In [None]:
from sklearn.ensemble import GradientBoostingClassifier
from sklearn.datasets import load_breast_cancer
from sklearn.model_selection import train_test_split
from sklearn.metrics import accuracy_score

cancer = load_breast_cancer()
X_train, X_test, y_train, y_test = train_test_split(cancer.data, cancer.target, 
test_size=0.2 , random_state= 0)

gb_clf = GradientBoostingClassifier(n_estimators=200, 
                                    learning_rate=0.05,
                                    random_state=0, verbose=True)

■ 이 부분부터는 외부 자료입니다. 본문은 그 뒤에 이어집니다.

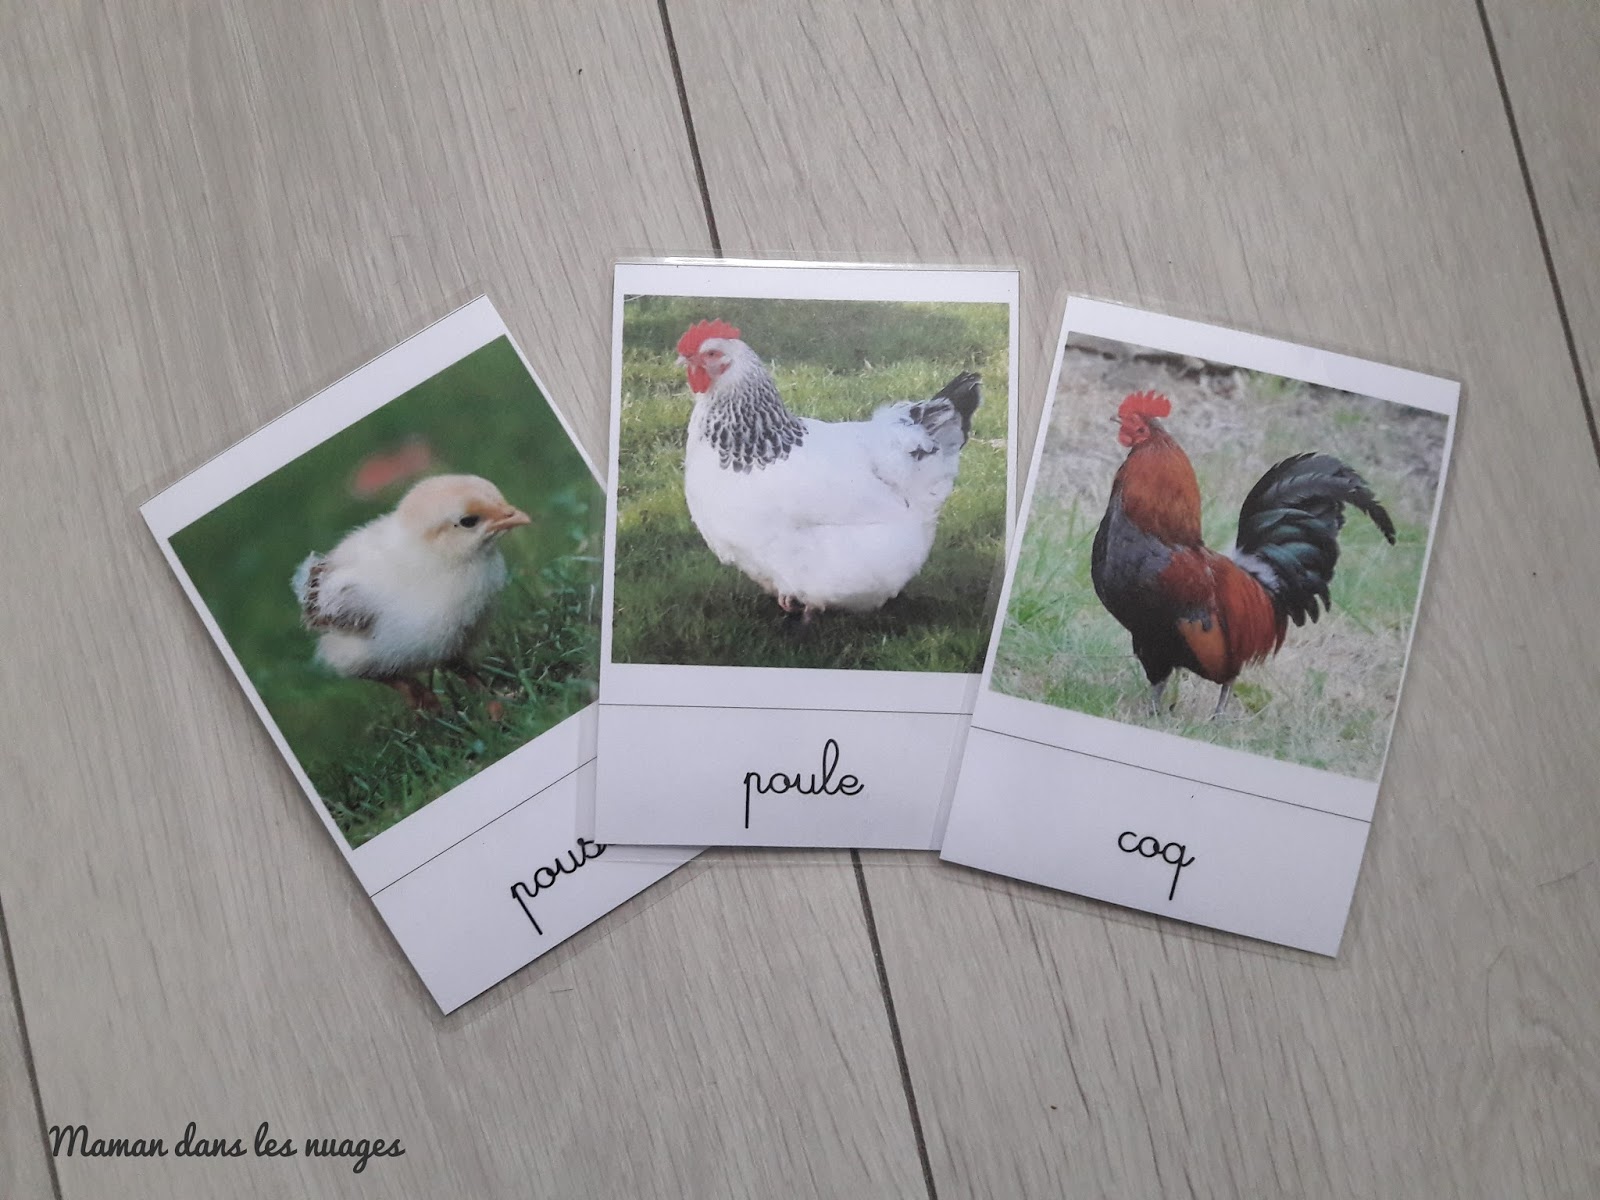 Cartes de nomenclatures des animaux de la ferme - La Pédagogie Montessori

gb_clf.fit(X_train , y_train)
gb_pred = gb_clf.predict(X_test)
gb_accuracy = accuracy_score(y_test, gb_pred)
print(f'GBM 정확도: {gb_accuracy:.4f}')

In [None]:
from sklearn.ensemble import AdaBoostClassifier

AdaBoostClassifier()

In [None]:
import xgboost as xgb
from xgboost import plot_importance
import pandas as pd
import numpy as np
from sklearn.datasets import load_breast_cancer
from sklearn.model_selection import train_test_split
import warnings
warnings.filterwarnings('ignore')
                        
dataset = load_breast_cancer()
cancer_df = pd.DataFrame(data=dataset.data, columns=dataset.feature_names)
cancer_df['target'] = dataset.target
X_features = cancer_df.iloc[:, :-1]
y_label = cancer_df.iloc[:, -1]
X_train, X_test, y_train, y_test=train_test_split(X_features, y_label, 
test_size=0.2, random_state=156 )
X_tr, X_val, y_tr, y_val= train_test_split(X_train, y_train,
test_size=0.1, random_state=156 )


In [None]:
from xgboost import XGBClassifier

xgb_wrapper = XGBClassifier(n_estimators=400, learning_rate=0.1)

evals = [(X_val, y_val)]
xgb_wrapper.fit(X_tr, y_tr, eval_metric = "logloss", 
                early_stopping_rounds=10,eval_set=evals)

In [None]:
pred = xgb_wrapper.predict(X_test)

accuracy_score(y_test, pred)

In [None]:
xgb_wrapper.feature_importances_

In [None]:
import matplotlib.pyplot as plt
import seaborn as sns

ftr_importances_values = xgb_wrapper.feature_importances_
ftr_importances = pd.Series(ftr_importances_values, index=cancer.feature_names )
ftr_top20 = ftr_importances.sort_values(ascending=False)[:20]
plt.figure(figsize=(8,6))
plt.title('Feature importances Top 20')
sns.barplot(x=ftr_top20 , y = ftr_top20.index)
plt.show()
plt.draw()


In [None]:
# 앙상블 (보팅 / 배깅 / 부스팅)

# 보팅 - 여러가지 알고리즘 사용해서 다수결 원칙으로 투표로 예측

# 배깅 - 하나의 알고리즘을 다양한 데이터로 학습해서 예측결과를 통합
# 배깅의 대표적인 알고리즘 : RandomForest

# 부스팅 - 하나의 알고리즘 여러번 순차적으로 학습시켜서 가중치를 업데이트 하는방법
# 대표적인 알고리즘 : GBM, AdaBoost, Xgboost, Lightgbm, Catboost

In [None]:
import numpy as np
from sklearn.datasets import load_breast_cancer
from sklearn.model_selection import train_test_split
from sklearn.metrics import accuracy_score
cancer_data = load_breast_cancer()
X_data = cancer_data.data
y_label = cancer_data.target
X_train , X_test , y_train , y_test = train_test_split(X_data, y_label, 
test_size=0.2 , random_state=0)

In [None]:
from sklearn.neighbors import KNeighborsClassifier
from sklearn.ensemble import RandomForestClassifier
from sklearn.ensemble import AdaBoostClassifier
from sklearn.tree import DecisionTreeClassifier
from sklearn.linear_model import LogisticRegression

# 4개의 모델(KNN, RF, Ada, DT)를 통해 개별 예측을 하고
# 최종으로 Logistic 모델을 사용하여 예측 예정

In [None]:
knn_clf = KNeighborsClassifier()
rf_clf = RandomForestClassifier(random_state= 0 )
ada_clf = AdaBoostClassifier(random_state=0)
dt_clf = DecisionTreeClassifier(random_state=0)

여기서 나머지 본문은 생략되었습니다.